Aim for an exact copy of the listing, without any images.
Data provided: Begin
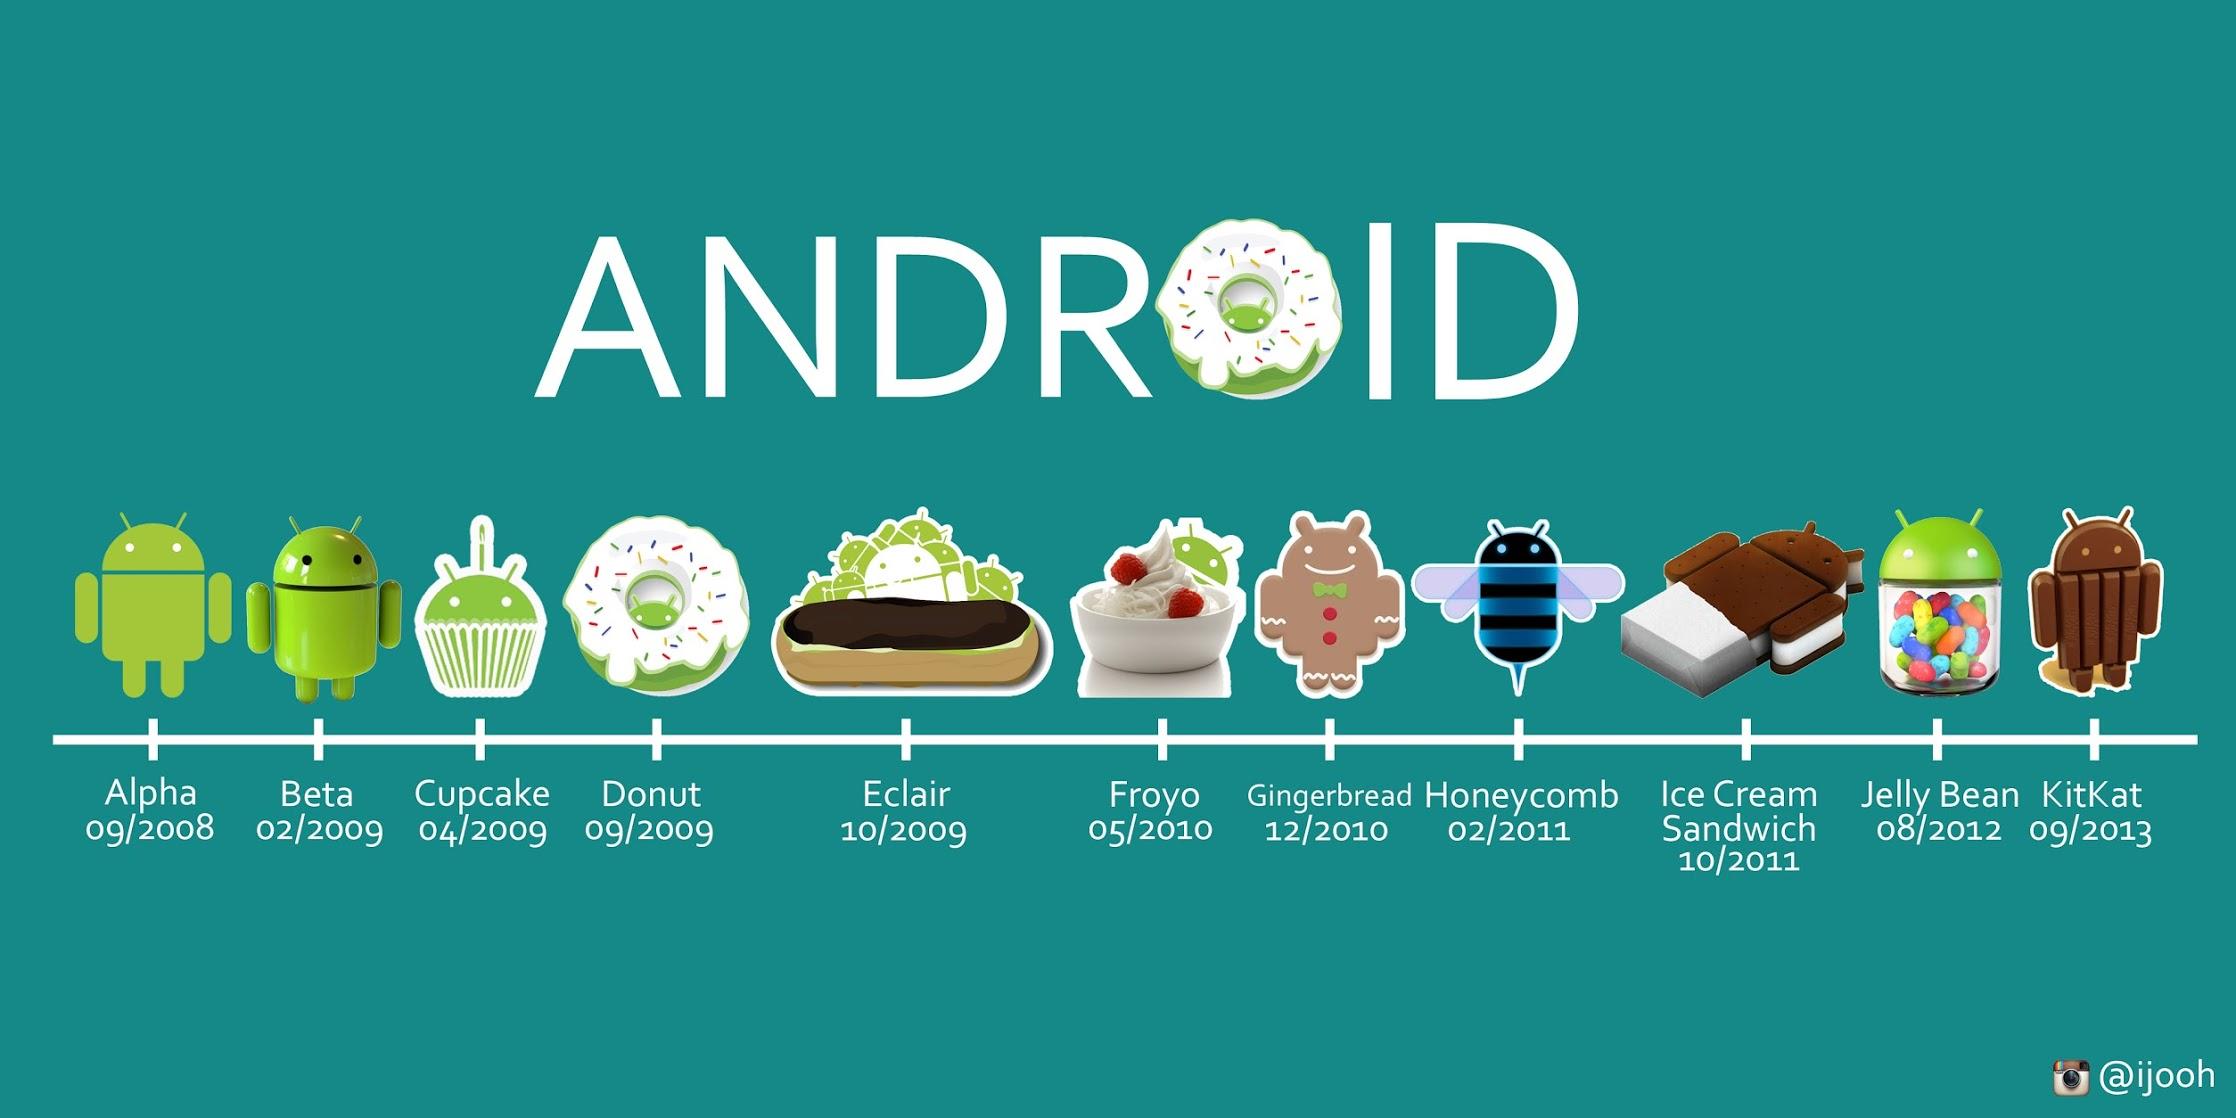 ¿Por qué las versiones de Android tienen nombres de postres? 2
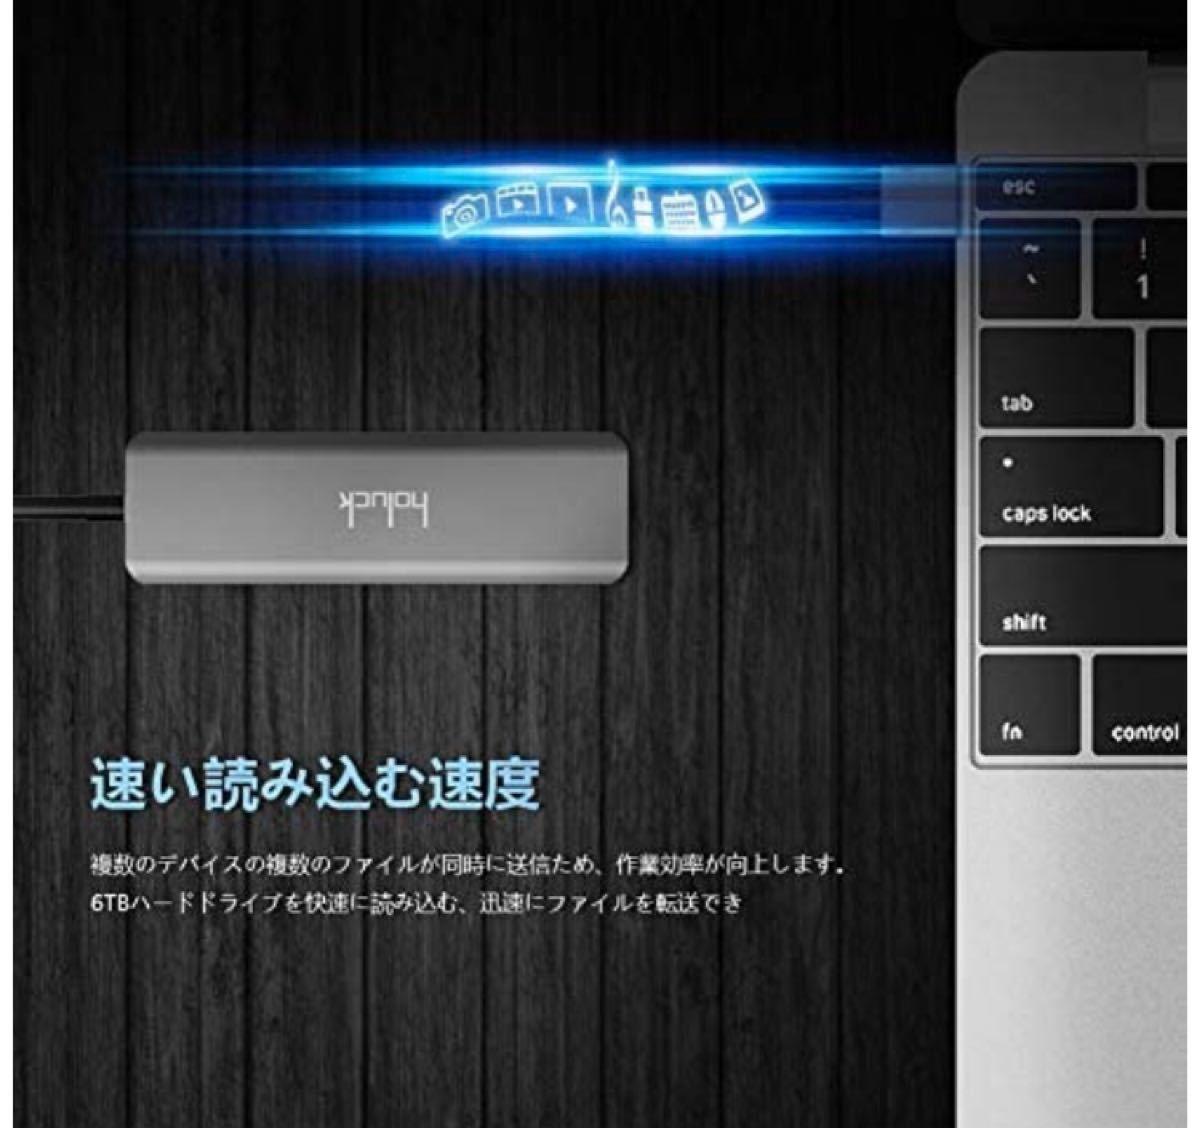 USB 3.0 ハブ USB HUB ウルトラスリム ポート 5Gbps 高速
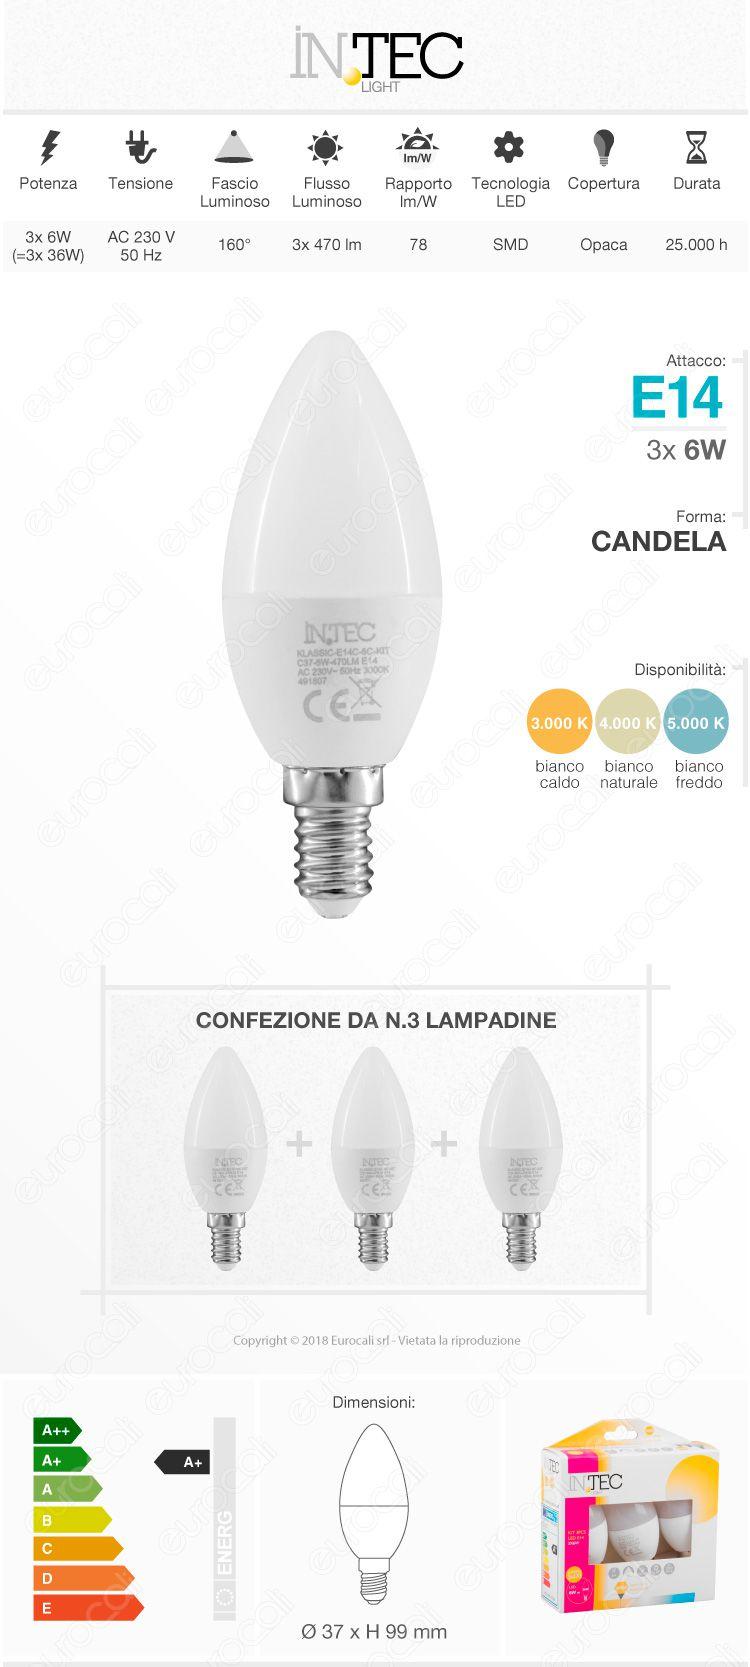 Confezione Risparmio 3 Lampadine LED E14 6W Candela Fan Europe Intec Light C
Data provided: End
- Exercise output -
 ¿Por qué las versiones de Android tienen nombres de postres? 2
 USB 3.0 ハブ USB HUB ウルトラスリム ポート 5Gbps 高速
 Confezione Risparmio 3 Lampadine LED E14 6W Candela Fan Europe Intec Light C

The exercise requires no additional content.